Xenith IP Group Limited (ASX:XIP) is a small-cap stock with a market capitalization of A$105.57M. While investors primarily focus on the growth potential and competitive landscape of the small-cap companies, they end up ignoring a key aspect, which could be the biggest threat to its existence: its financial health. Why is it important? Assessing first and foremost the financial health is essential, as mismanagement of capital can lead to bankruptcies, which occur at a higher rate for small-caps. Here are a few basic checks that are good enough to have a broad overview of the company’s financial strength. Though, this commentary is still very high-level, so I recommend you dig deeper yourself into XIP here.
Does XIP generate enough cash through operations?
Over the past year, XIP has ramped up its debt from A$4.0M to A$14.9M – this includes both the current and long-term debt. With this rise in debt, XIP’s cash and short-term investments stands at A$3.6M , ready to deploy into the business. On top of this, XIP has generated cash from operations of A$10.3M during the same period of time, resulting in an operating cash to total debt ratio of 69.45%, meaning that XIP’s operating cash is sufficient to cover its debt. This ratio can also be interpreted as a measure of efficiency as an alternative to return on assets. In XIP’s case, it is able to generate 0.69x cash from its debt capital.

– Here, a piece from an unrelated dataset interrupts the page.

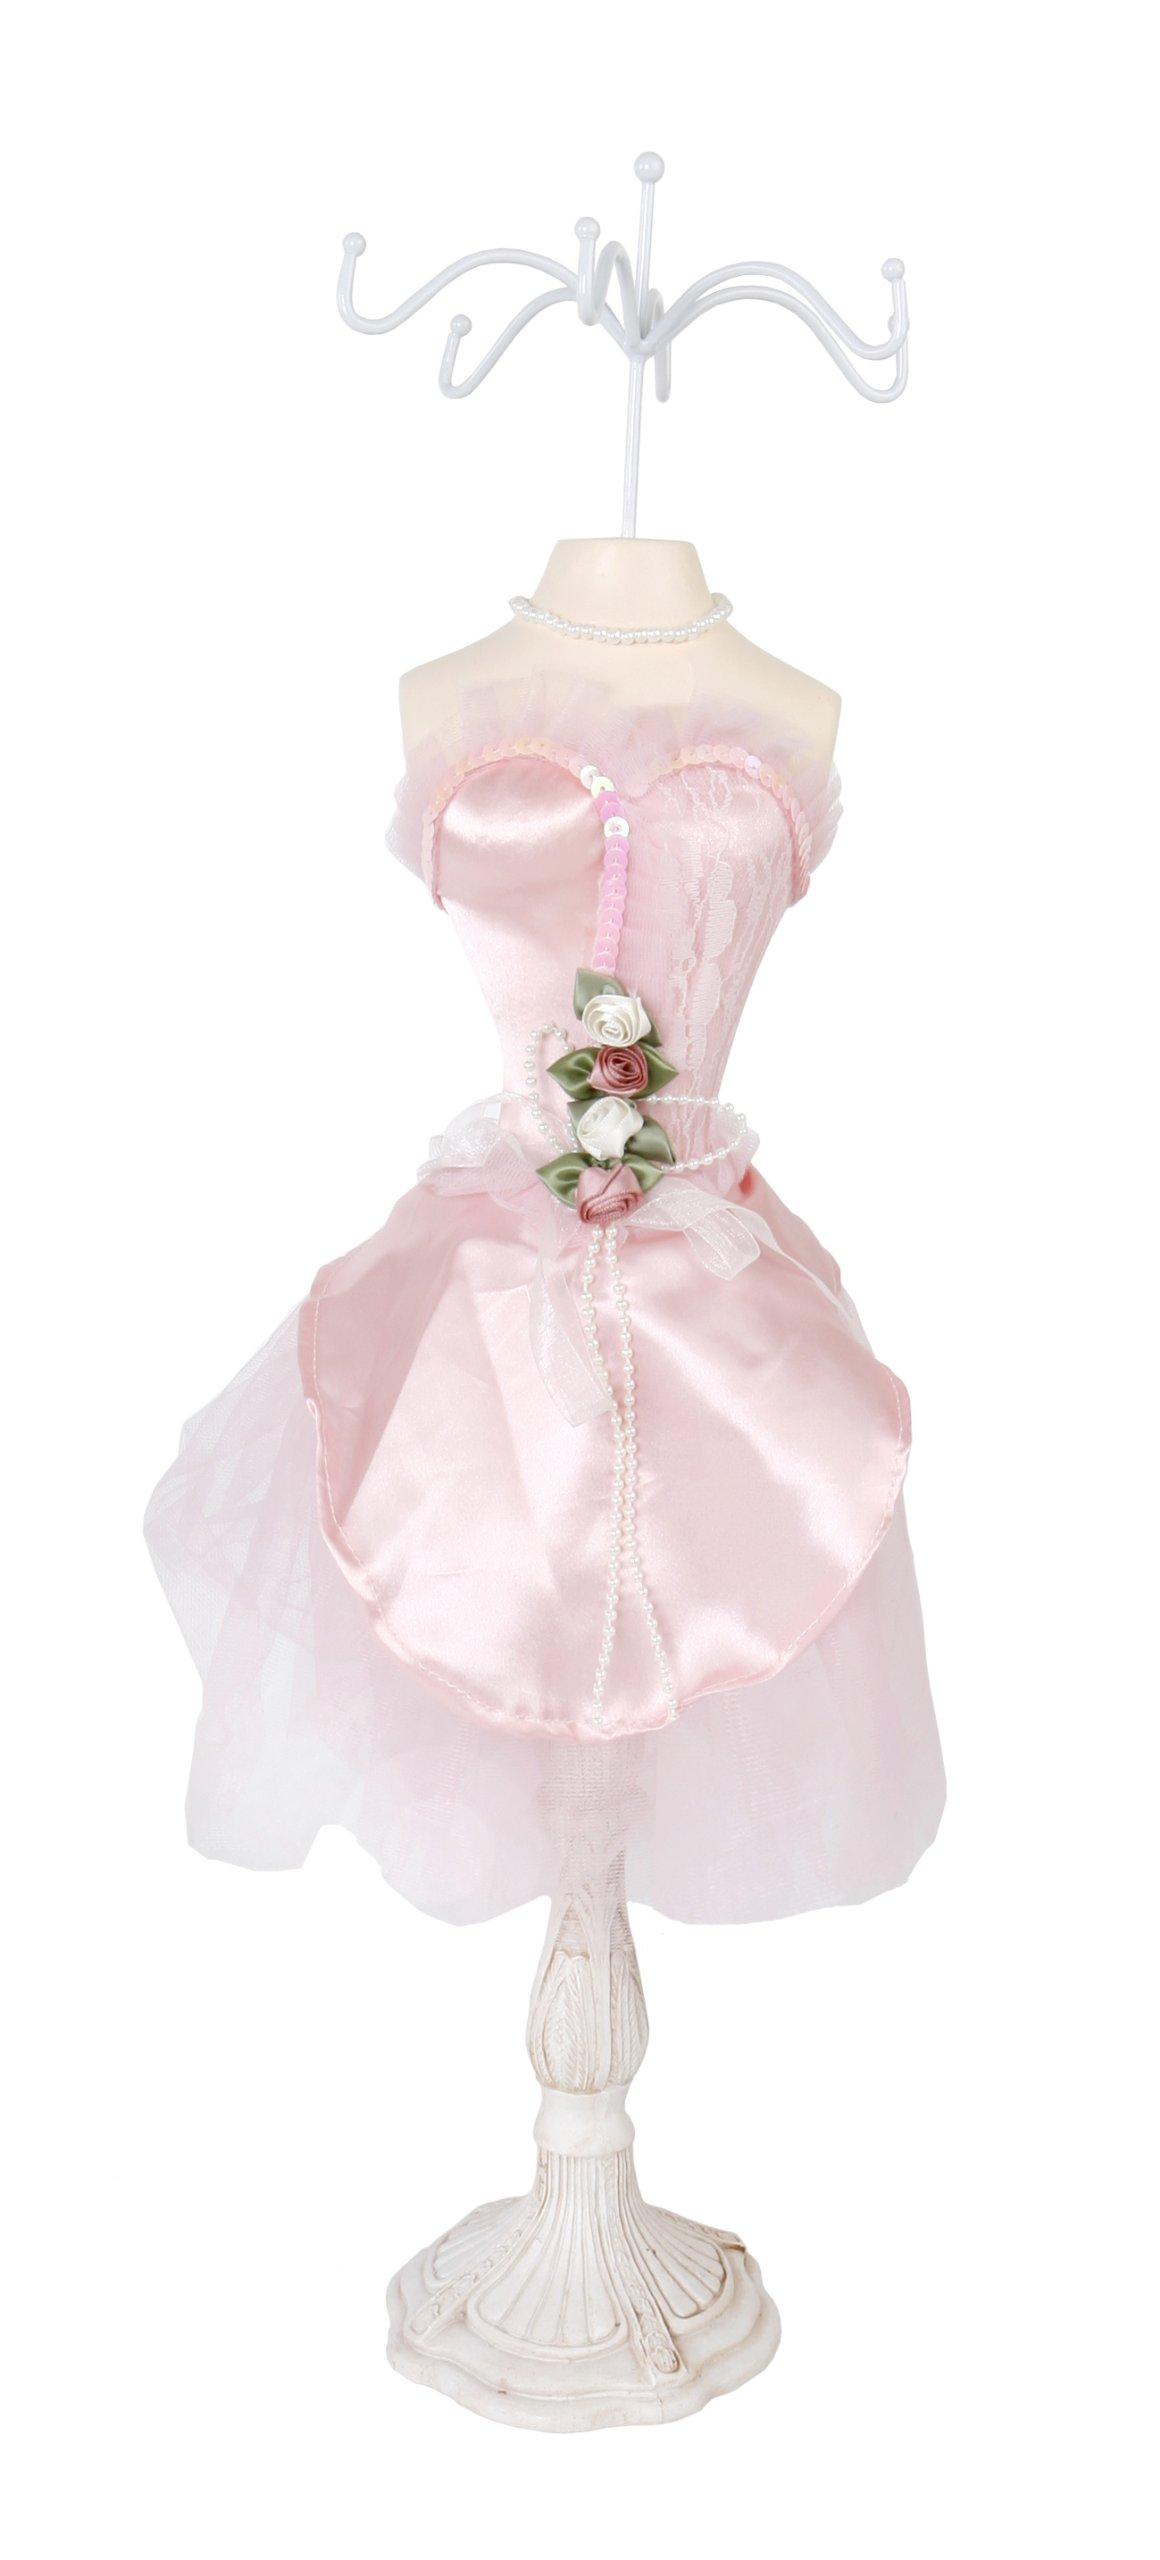 ROSA 2 Rosen Armbandständer 60cm Schmuckständer Ständer Kettenständer Uhrenständer Kette
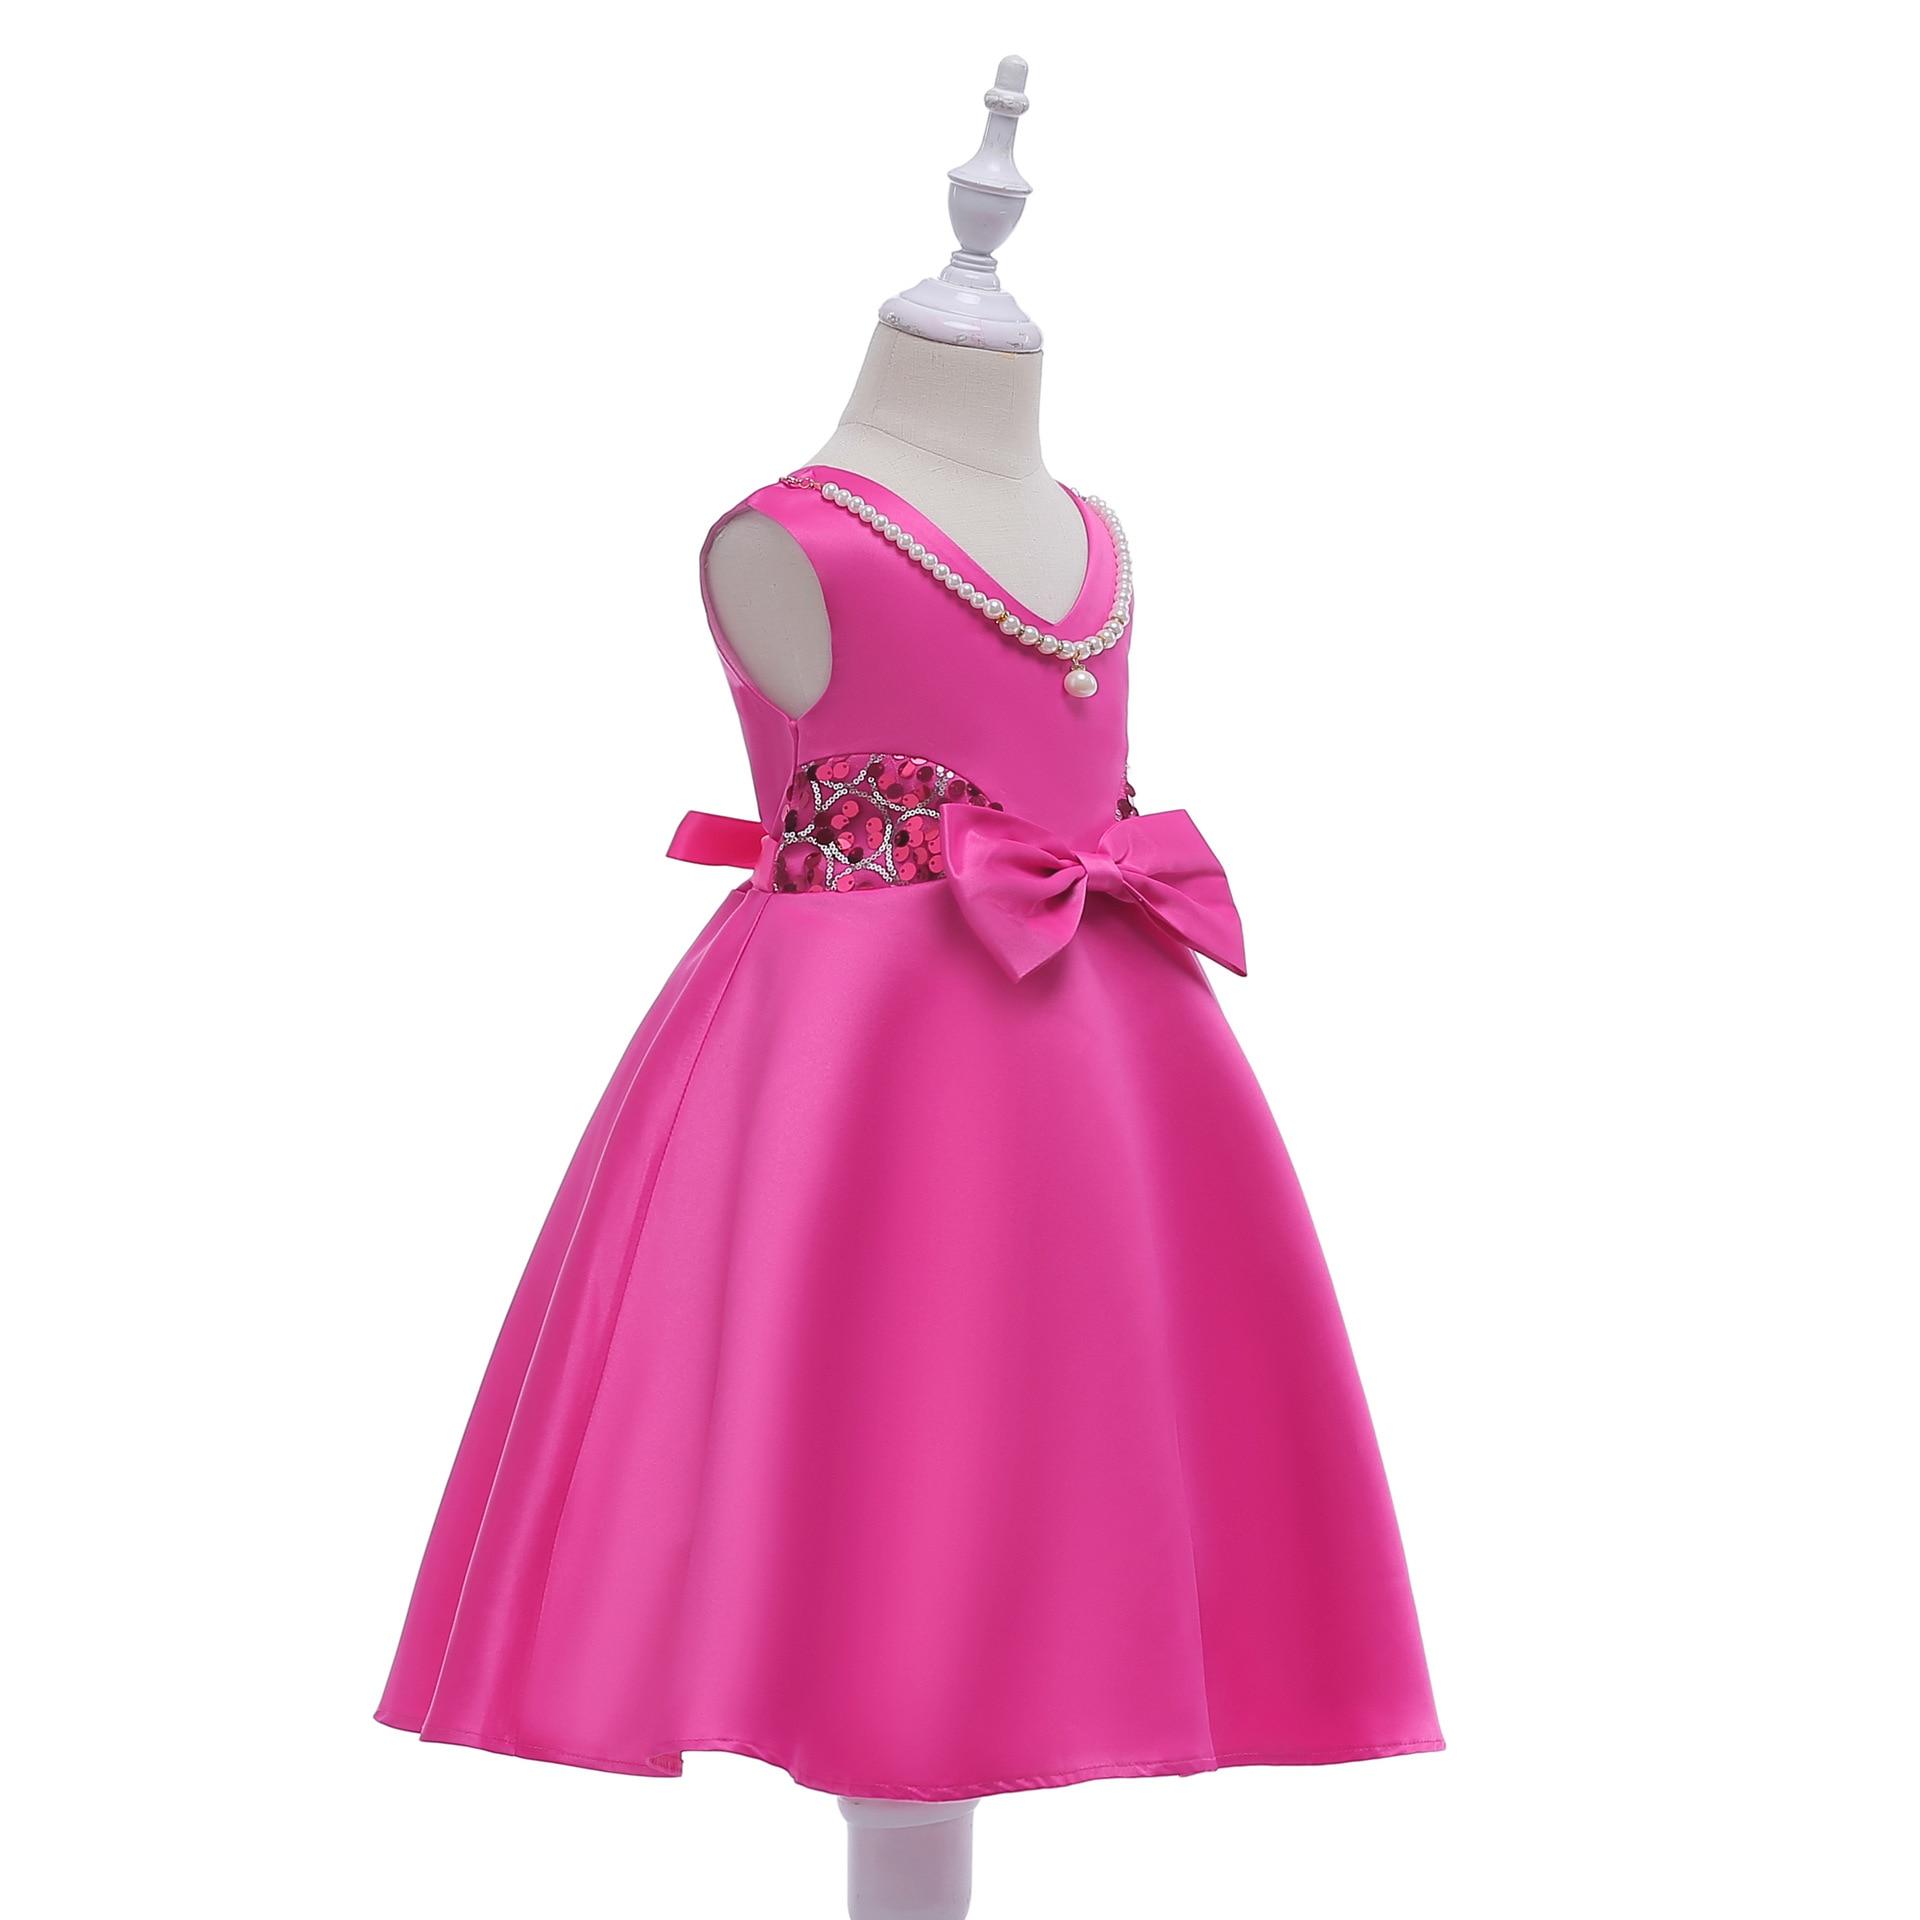 Hibyhoby 2018 nowa suknia balowa bez rękawów sukienka z cekinami - Ubrania dziecięce - Zdjęcie 4

Can XIP pay its short-term liabilities?
At the current liabilities level of A$25.4M liabilities, it seems that the business has maintained a safe level of current assets to meet its obligations, with the current ratio last standing at 1.43x. Generally, for professional services companies, this is a reasonable ratio since there’s sufficient cash cushion without leaving too much capital idle or in low-earning investments.
Does XIP face the risk of succumbing to its debt-load?
With a debt-to-equity ratio of 10.43%, XIP’s debt level may be seen as prudent. This range is considered safe as XIP is not taking on too much debt obligation, which can be restrictive and risky for equity-holders. We can check to see whether XIP is able to meet its debt obligations by looking at the net interest coverage ratio. A company generating earnings before interets and tax (EBIT) at least three times its net interest payments is considered financially sound. In XIP’s, case, the ratio of 69.59x suggests that interest is excessively covered, which means that debtors may be willing to loan the company more money, giving XIP ample headroom to grow its debt facilities.